Data excerpt section start

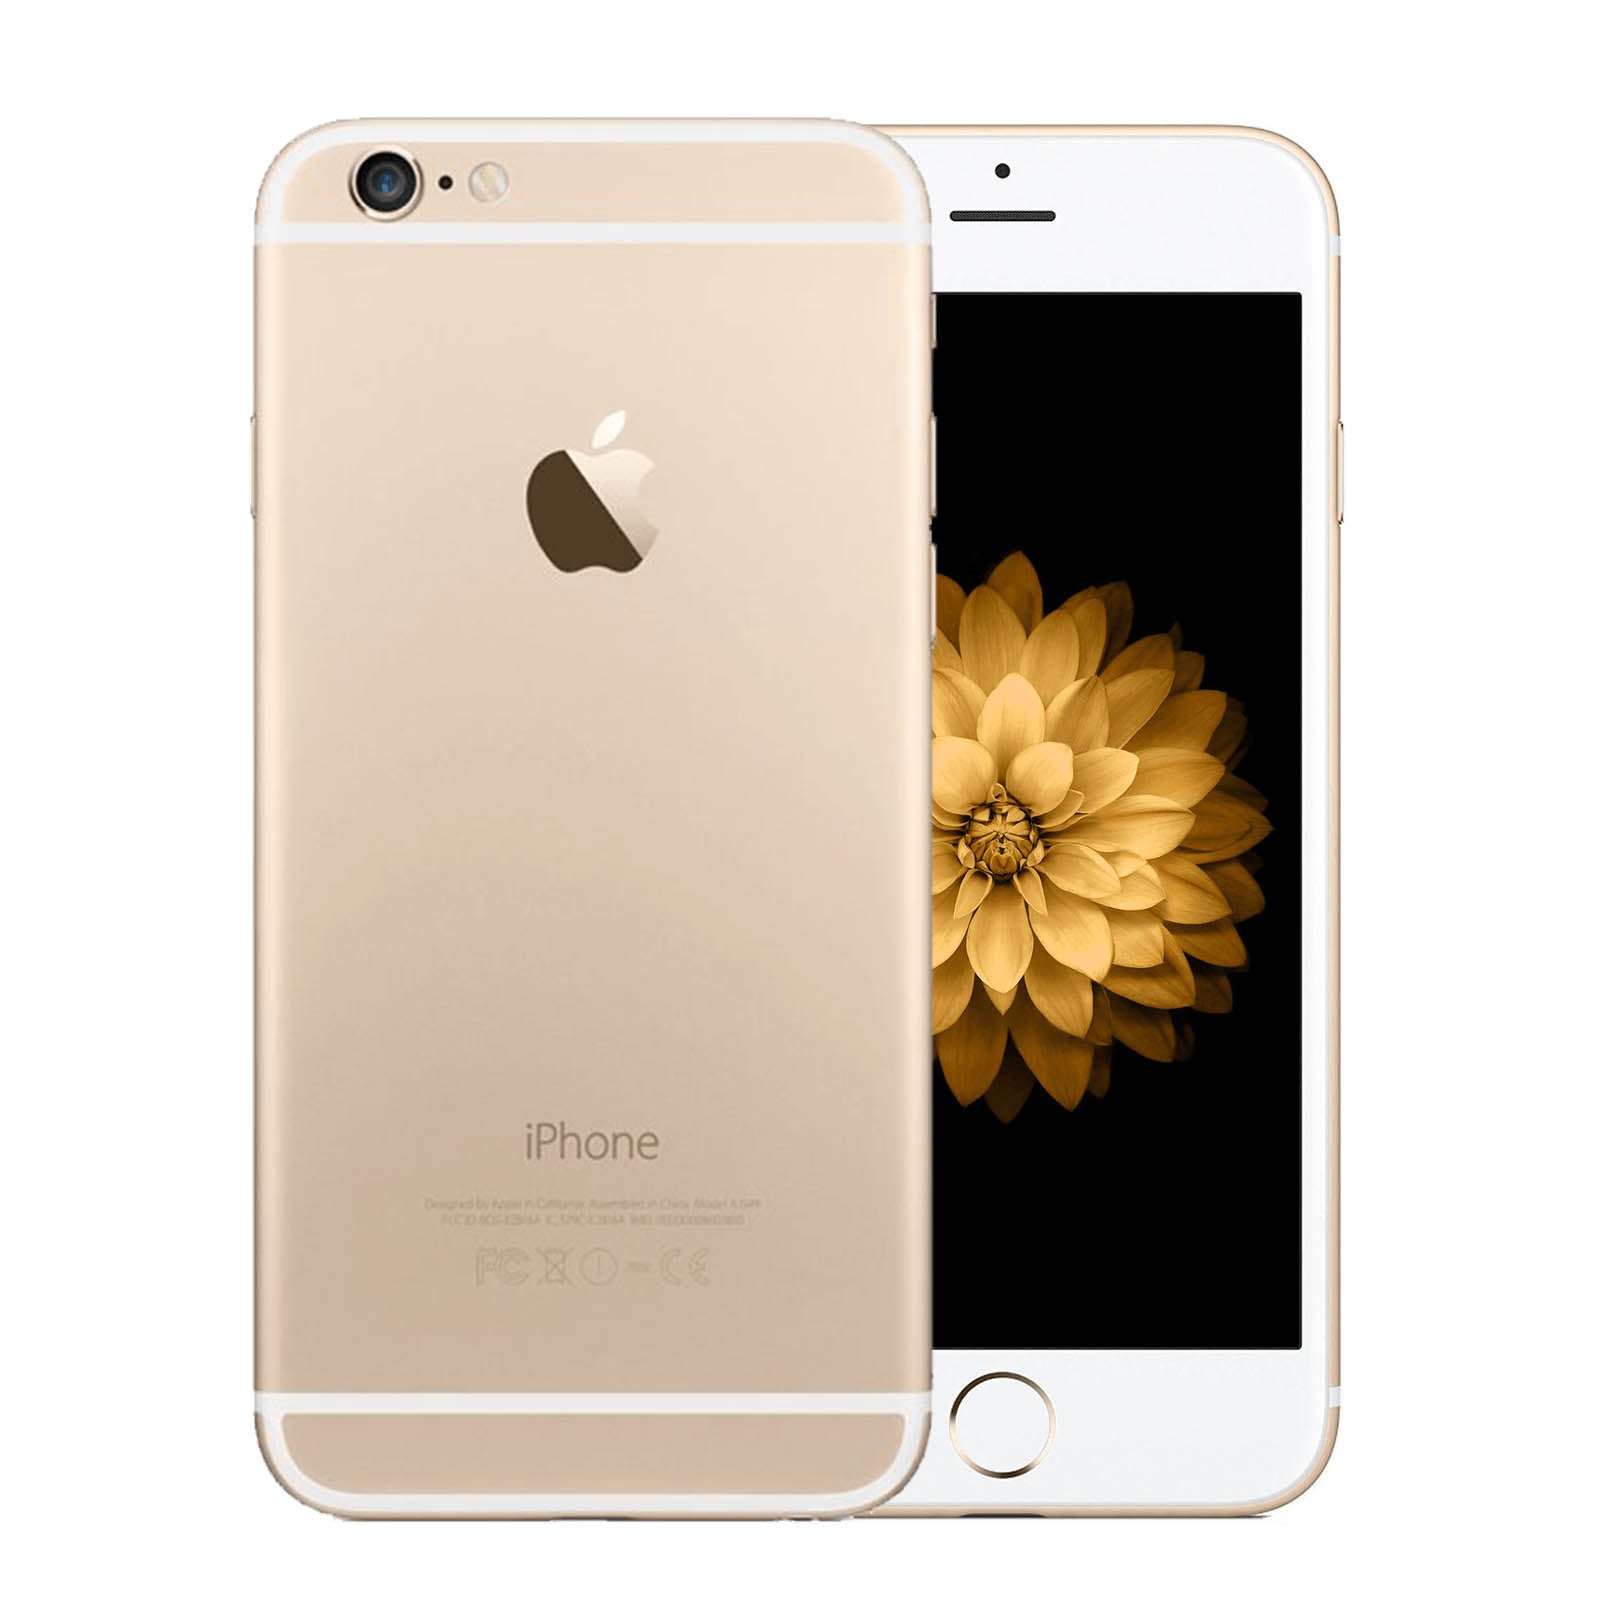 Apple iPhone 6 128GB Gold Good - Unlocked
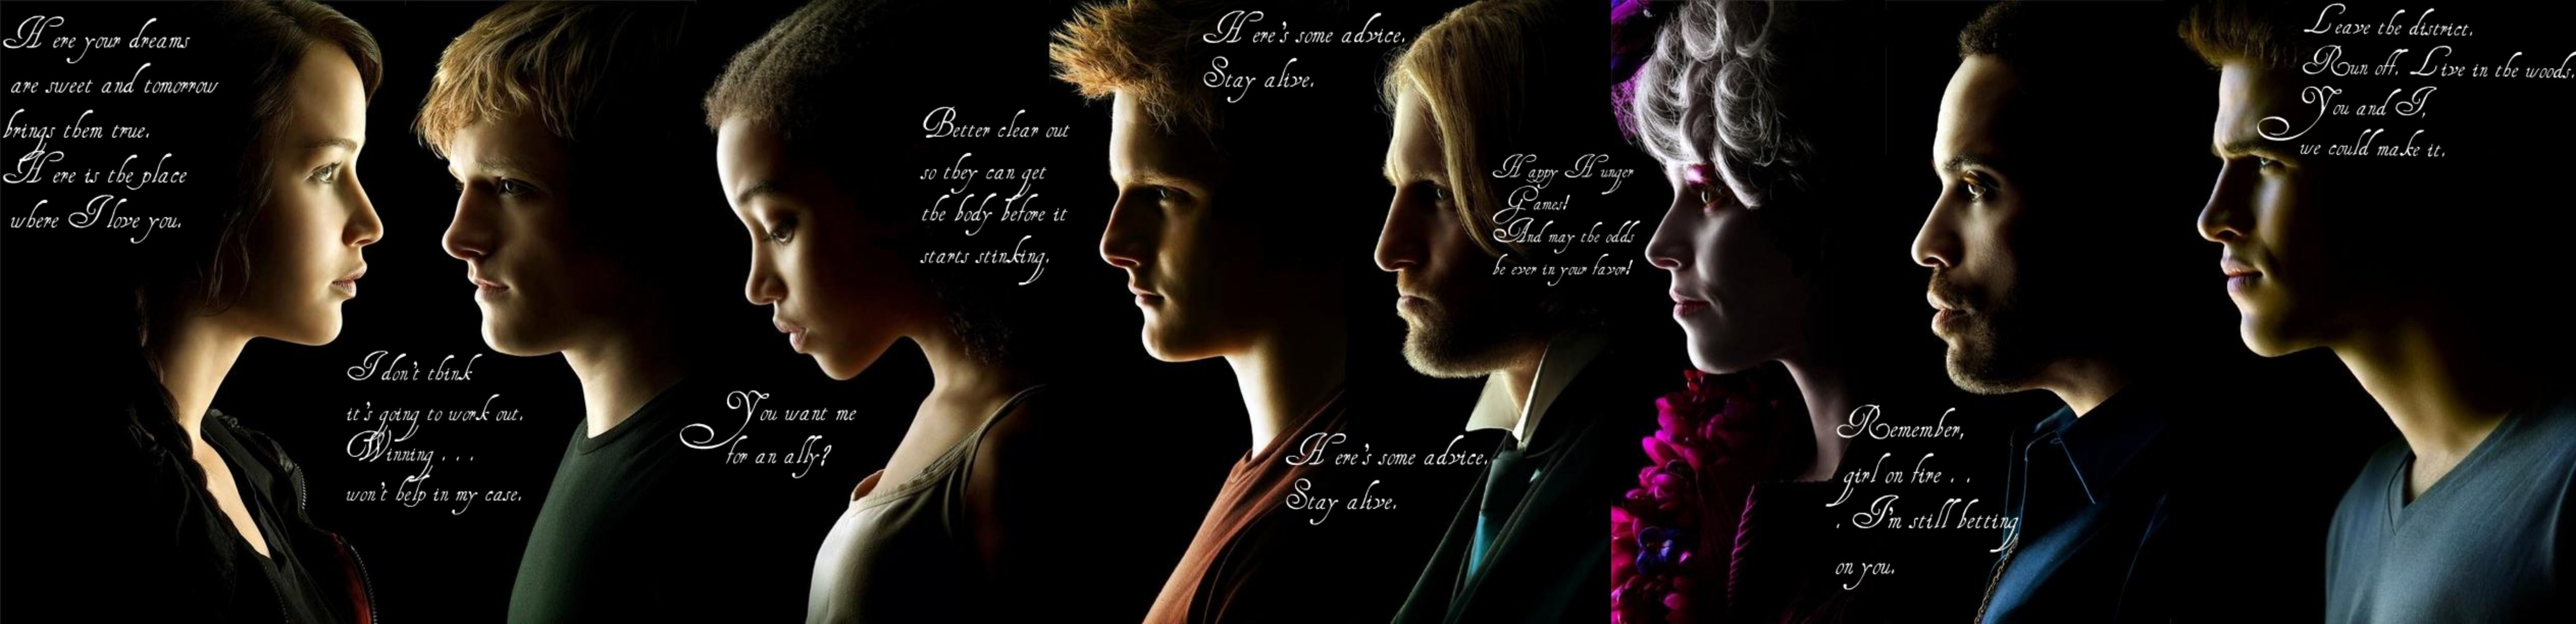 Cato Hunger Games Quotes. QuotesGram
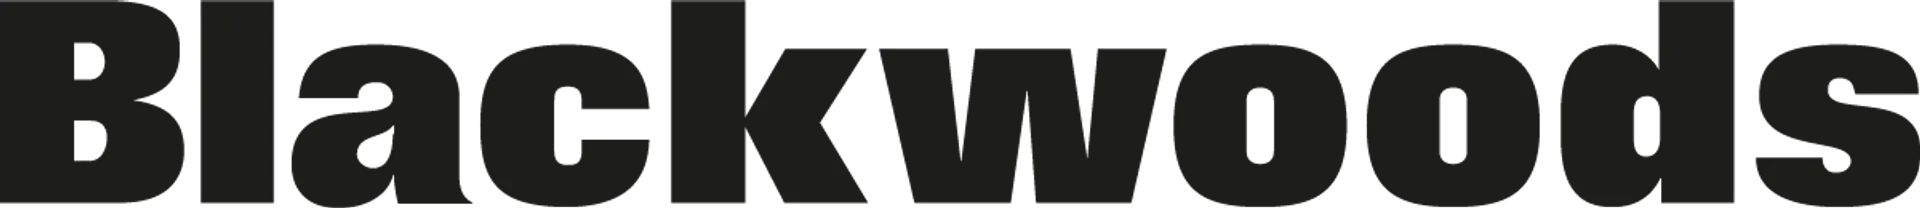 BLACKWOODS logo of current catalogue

Data excerpt section end

### Activity
Retype the data above exactly, dropping every picture.

### Written solution
 Apple iPhone 6 128GB Gold Good - Unlocked
 Cato Hunger Games Quotes. QuotesGram
 BLACKWOODS logo of current catalogue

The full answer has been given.